Figure 6: Monthly Risk Premium Volatility
Funds Still Defensive
In the past 24 hours, although the price of Bitcoin rose from $107,500 to $113,900, call options seem to still be neglected. Instead, traders have increased their positions in put options, indicating that they are still continuing to hedge against downside risks.
This behavior leads investors to choose to continue selling regardless of price movements. As long as this pattern remains unchanged, the unfavorable situation in the market will not improve.


Figure 7: Fund Flows Over 7 Days and 24 Hours
Market from Strategy Premium Perspective
Currently, for the $120,000 call options, we observe that traders' behavior is also hindering the price from continuing to rise: they choose to sell aggressively during brief rebounds. They are taking advantage of the spike in implied volatility to sell call options during the rebound rather than chasing the rise in spot prices.

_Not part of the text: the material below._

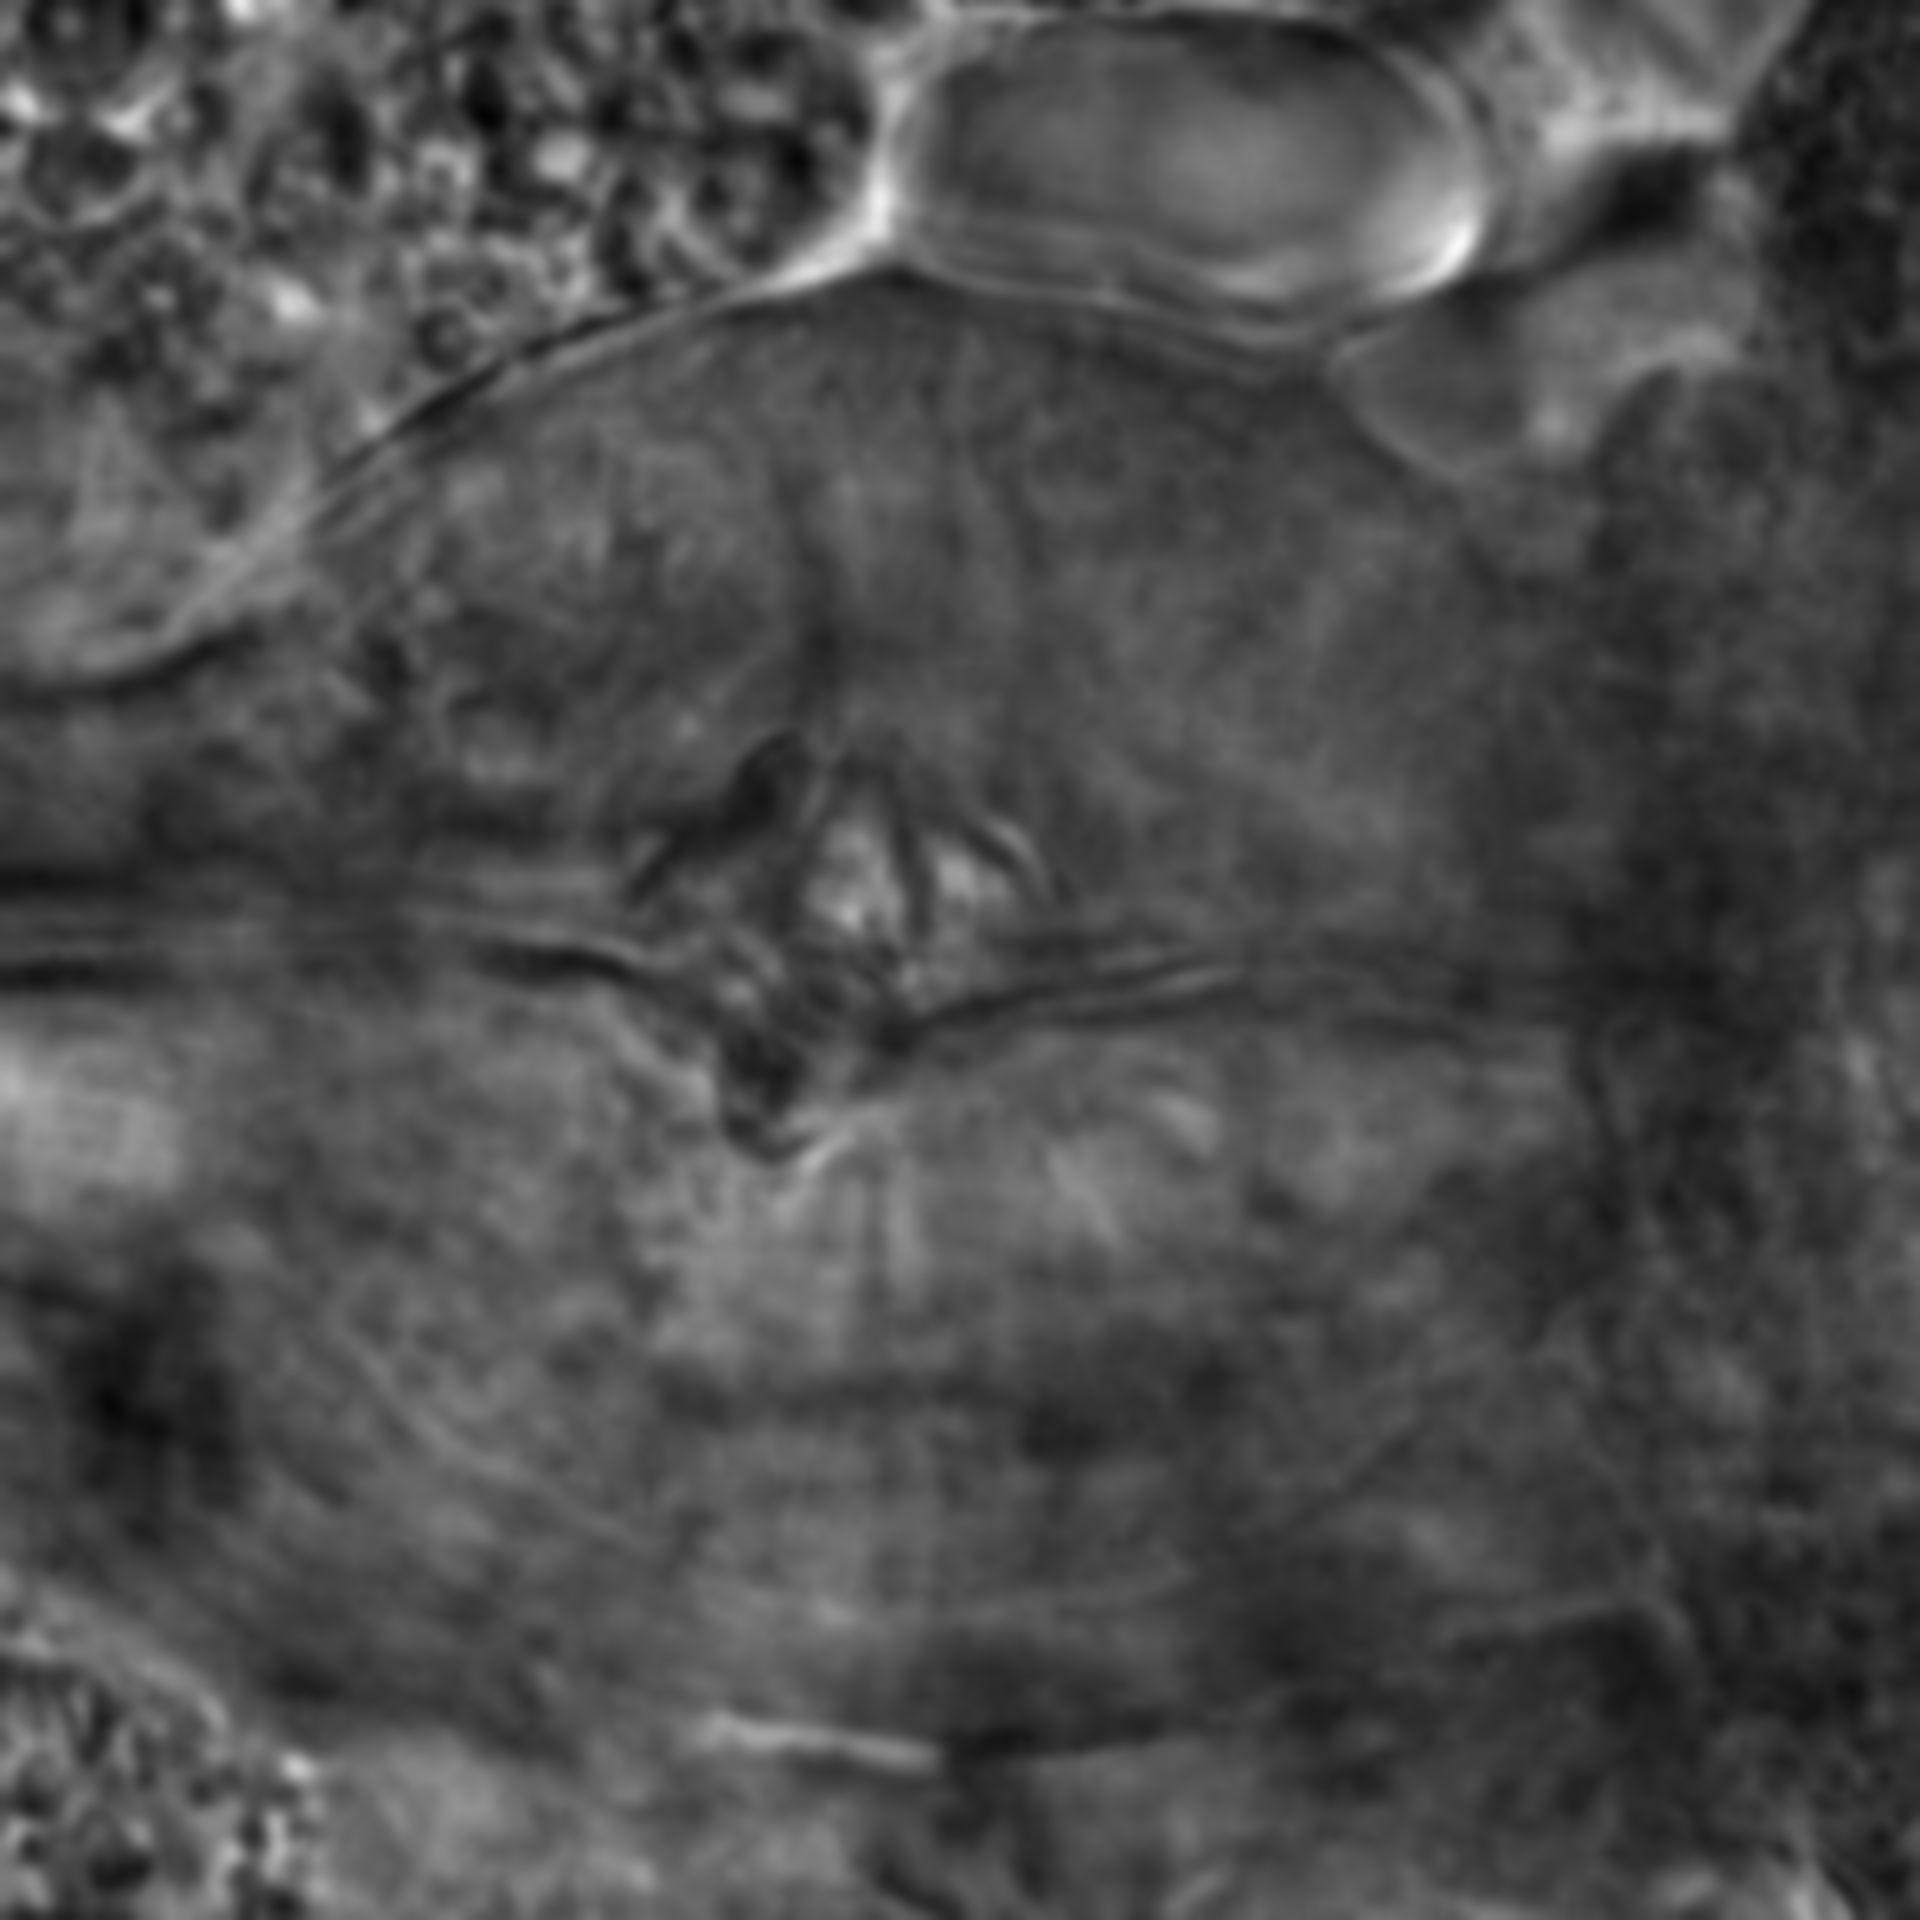 Caenorhabditis elegans - CIL:1966
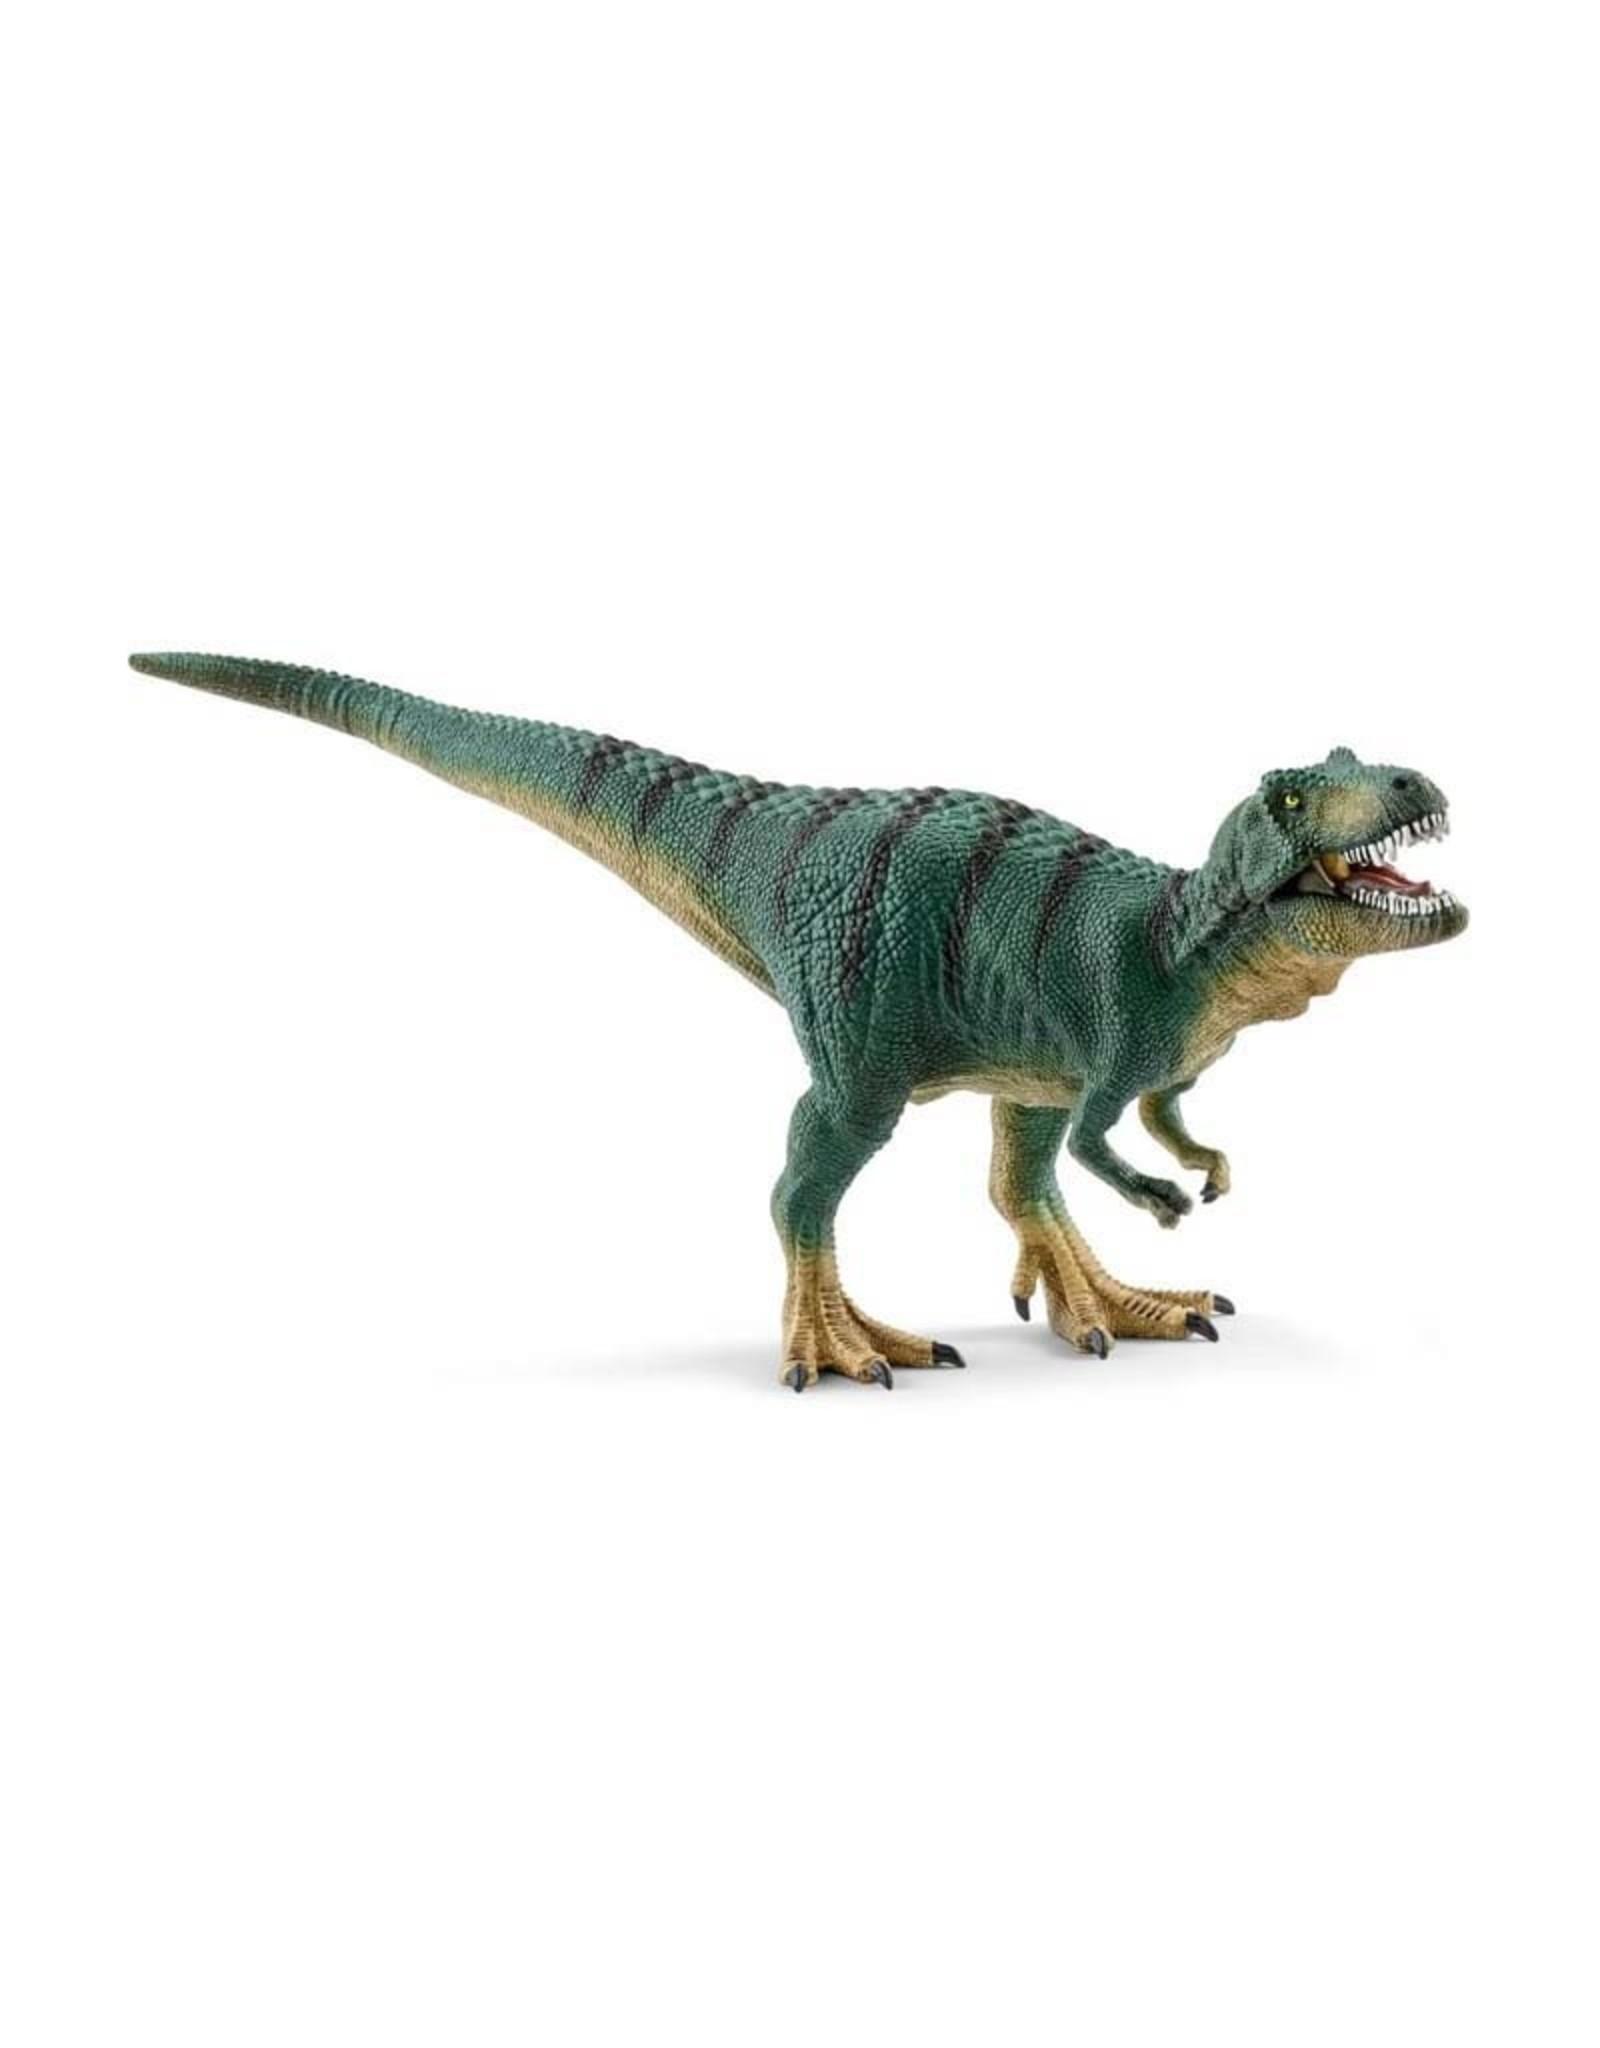 Schleich Schleich Tyrannosaurus Rex Juvenile

Figure 8: Trend of Premium Changes for $120,000 Call Options
In contrast, for the $105,000 put options, the performance of this premium is exactly the opposite—as the price rises, the premium of put options also increases. This indicates that traders are continuing to prepare for potential downside risks in the price. It also suggests that the recent rebound is more due to investors' hedging operations rather than firm bullish confidence.

Figure 9
Conclusion
Recently, the price of Bitcoin has fallen below the 0.85 percentile of the short-term holder cost basis ($108,600), indicating that market demand has gradually exhausted. Bitcoin may face a longer consolidation phase to rebuild market confidence and digest the current significant selling pressure.
At the same time, although the number of open contracts has reached a new high, they are mostly defensive positions. This indicates that the recent short-term rebound is due to investors using hedging operations to cope with downside risks rather than optimistic chasing of prices.